Error-correction strategy allows precise measurement of transcriptome in single cells

April 16, 2015, Howard Hughes Medical Institute
Multiplexed error robust fluorescence in situ hybridization (MERFISH) for transcriptome imaging. Scheme at the top of the image: Schematic depiction of the identification of multiple RNA species using MERFISH, a single-molecule imaging method that uses combinatorial labeling and sequential imaging with encoding schemes capable of detection and/or correction of errors. RNA species (black lines) are encoded with a chosen set of N-bit binary words; during each round of imaging, only the subset of RNAs that should read 1 in the corresponding bit emit signals (yellow glow). The on/off sequence of fluorescent signals on each RNA molecule is translated into a binary code word of 1s and 0s, which is used to identify the RNA. Binary code words are chosen such that errors can be identified and in some cases corrected. Lower images: The detection of ~1000 different RNA species in a human fibroblast cell. Each spot in the main image on the left corresponds to an RNA molecule, colored according to its measured binary word. Inset: the composite, false-colored fluorescent image of the 14 hybridization rounds for the boxed sub-region with numbered circles indicating potential RNA molecules. White circles mark accurately decoded RNAs. Red circles mark RNAs decoded as errors. The fluorescent signals detected in individual hybridization rounds from this region are shown in the panels on the right, each false colored in a distinct hue. Credit: Science, April 9 2015

Howard Hughes Medical Institute (HHMI) scientists have devised a method of visualizing RNA molecules inside cells so that the identity, location, and abundance of more than 1,000 different RNA species can be determined at the same time. The developers of the new technology say it should be possible to scale up the approach so that tens of thousands of RNA species can be imaged and identified in a single cell.

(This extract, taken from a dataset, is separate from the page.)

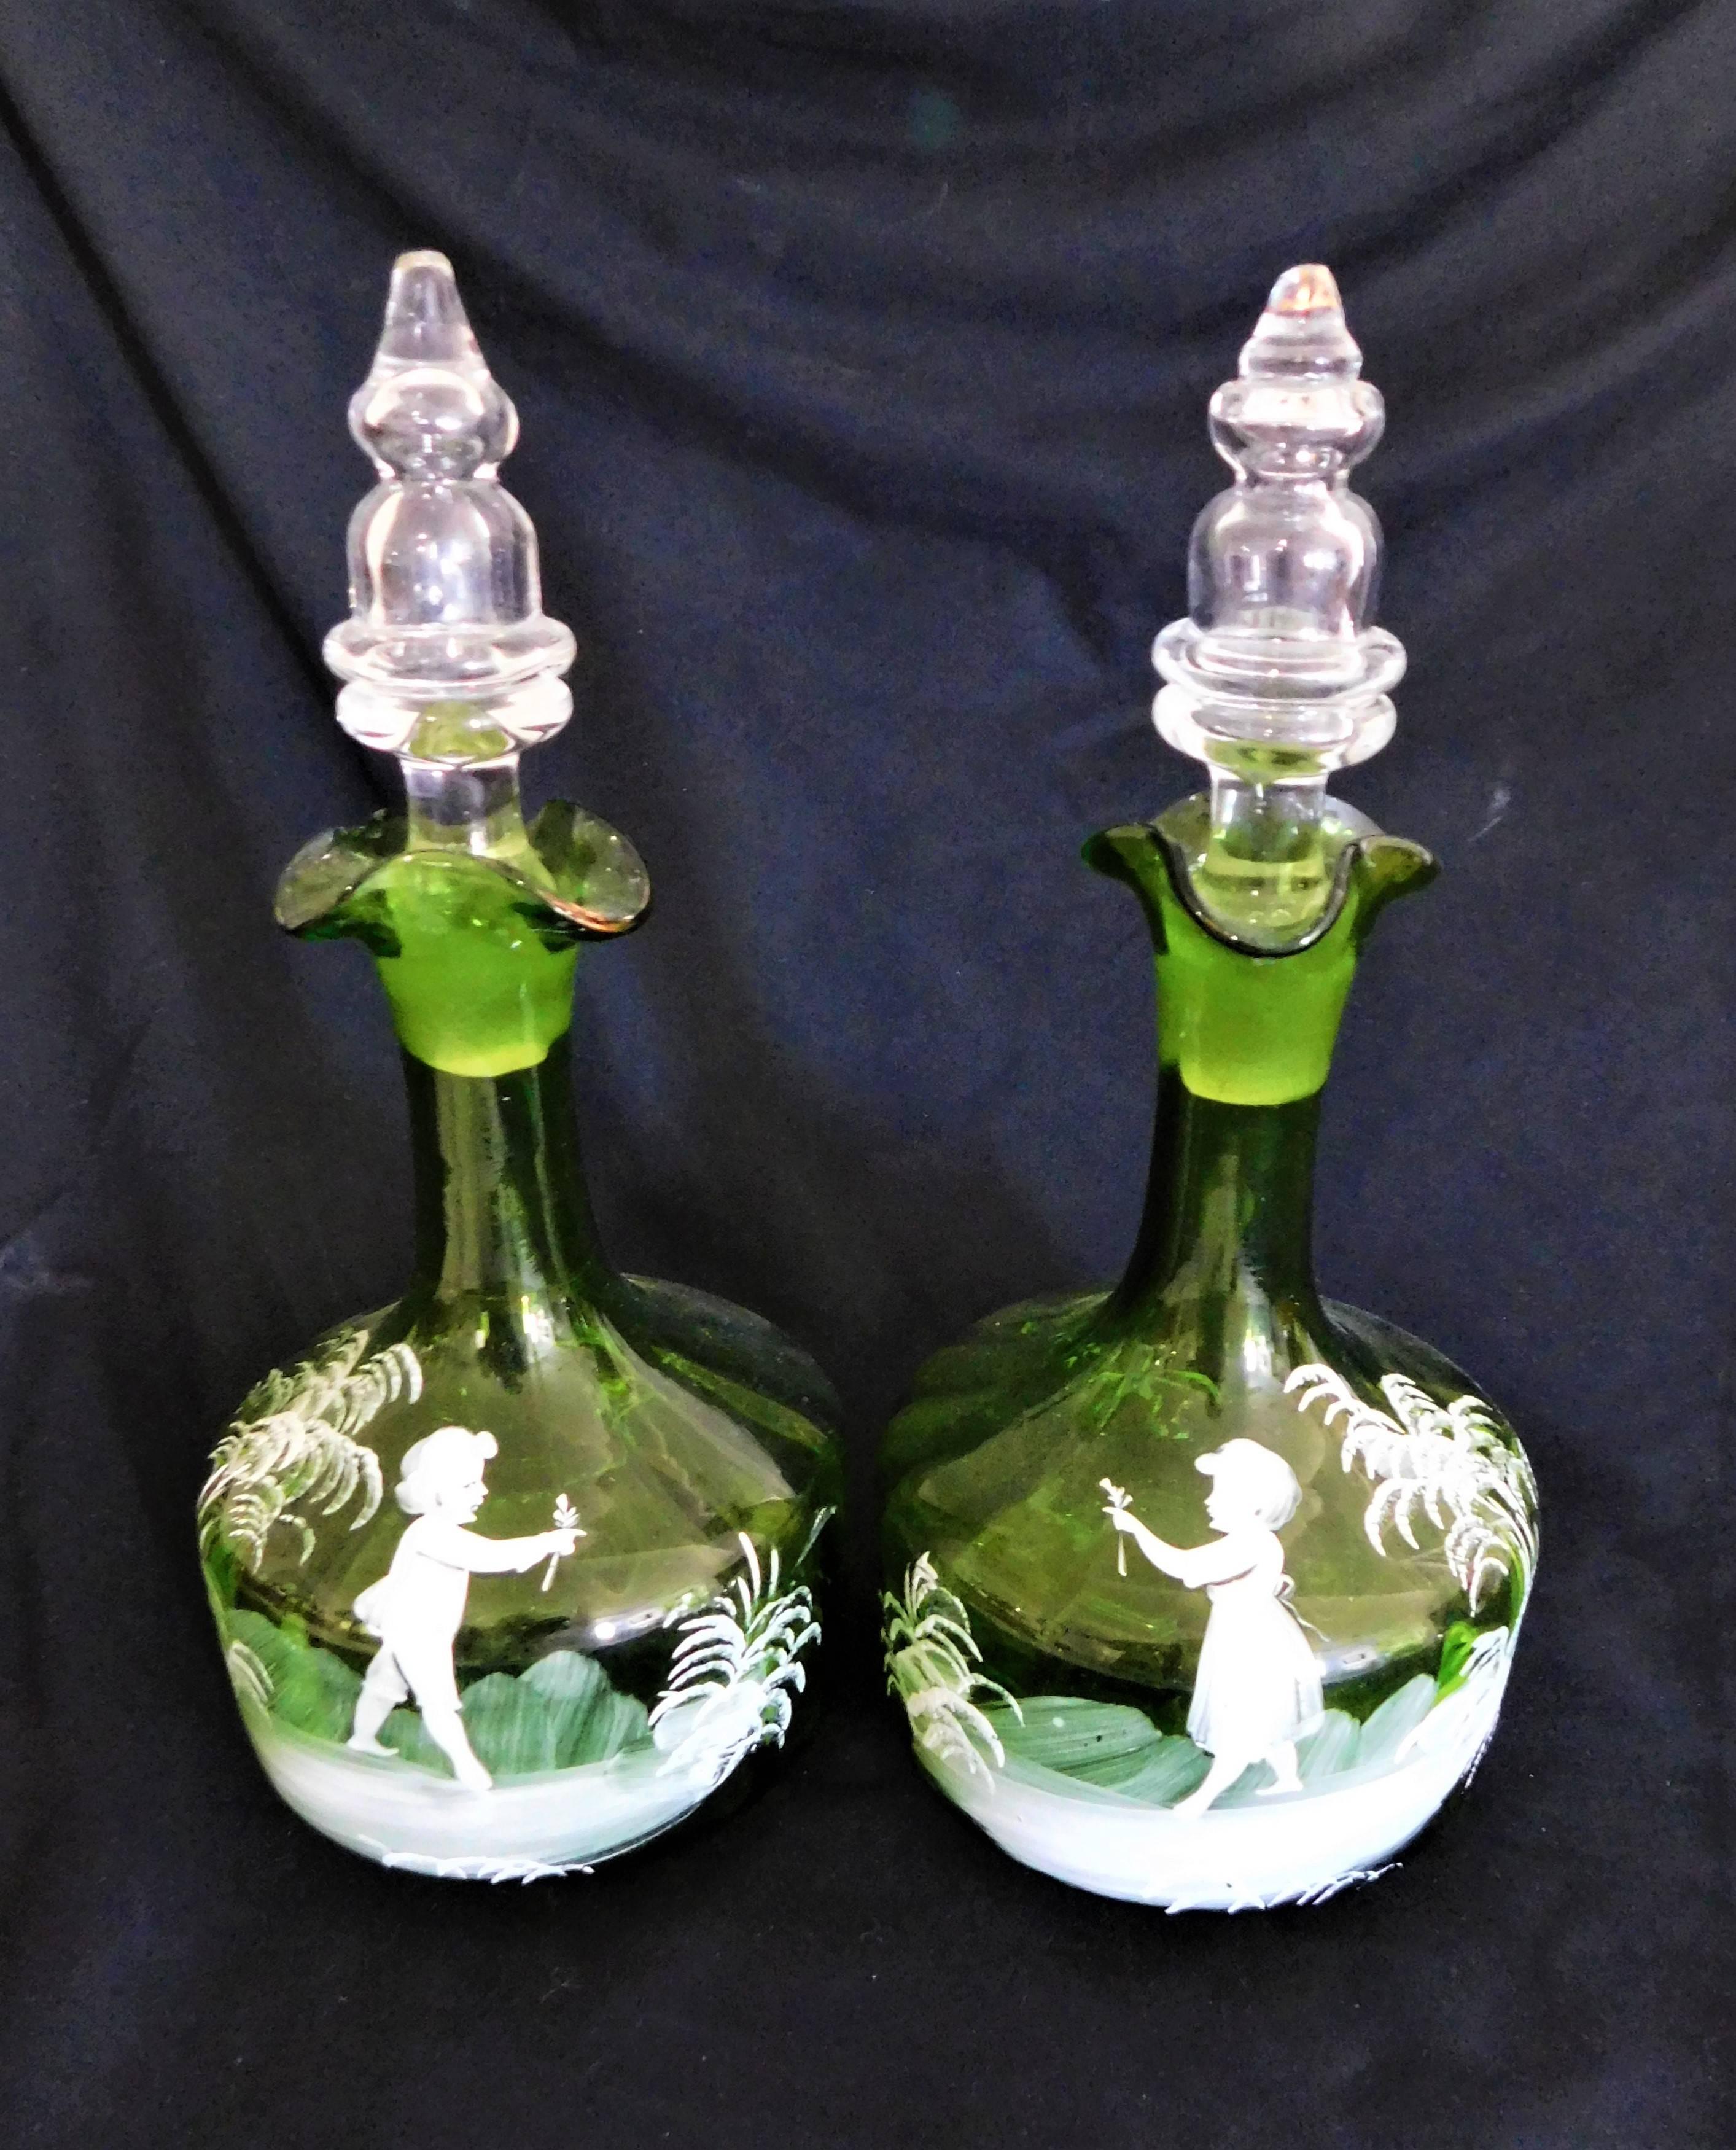 This is a pair of English handblown and hand-painted Mary Gregory decanters, circa 1880, each decanter has a different design.

The approach, called multiplexed error-robust fluorescence in situ hybridization (MERFISH), is described in an article published online April 9, 2015, in Science Express. The technique uses combinatorial labeling, sequential imaging, and error-robust encoding schemes to identify numerous RNA species. In a specific implementation, the authors used tens of thousands of oligonucleotide probes that bind to cellular RNAs to encode each RNA species with a unique combination of readout sequences, and then used fluorescently labeled readout probes to detect these sequences during 14 or 16 rounds of hybridization. Unique combinations of readout probes bind to individual RNA molecules, spelling out a 14-bit or 16-bit code that identifies each one.

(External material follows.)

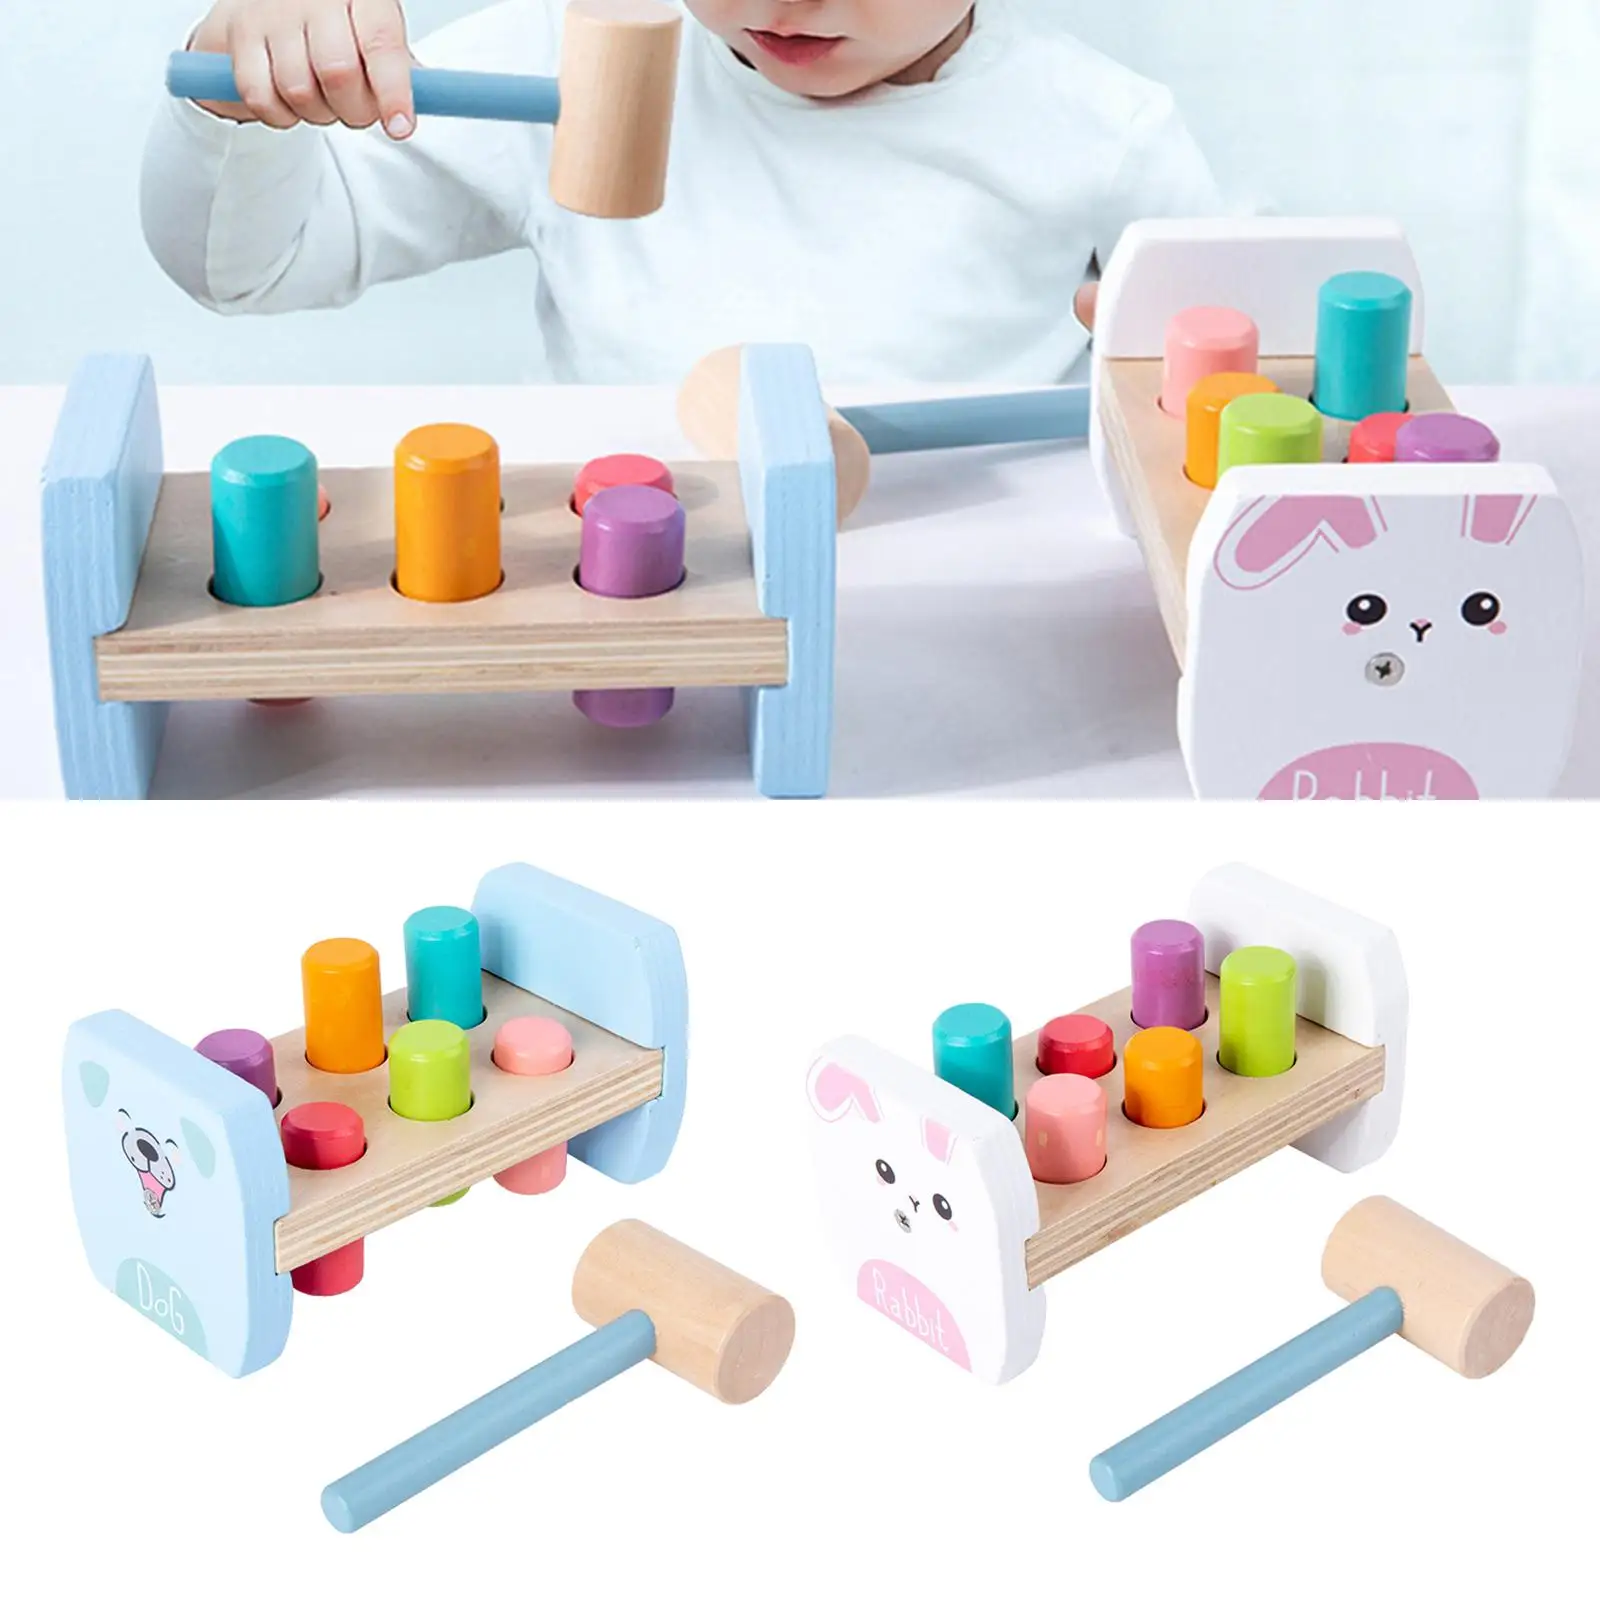 Wooden Pounding Educational Activity Toys for Ages 3+ Kids

"We feel that we have worked out such a robust approach that we could feasibly scale up to the entire transcriptome [a cell's complete set of RNAs]," says Xiaowei Zhuang, an HHMI investigator at Harvard University who led the development of the new technique. "In this paper we report measurements of ~1,000 RNA species, already opening up many exciting applications, but there's no way that we're stopping here."

The core transcription machinery of RNA polymerase copies the information found in DNA genes onto messenger RNA molecules that then govern the production of proteins. The abundance of RNAs is commonly measured to indicate the relative activity of specific genes. Additional information can be gleaned by determining where inside a cell or tissue specific RNA molecules are located, Zhuang says, since the RNA location can influence where the encoded protein will perform its function.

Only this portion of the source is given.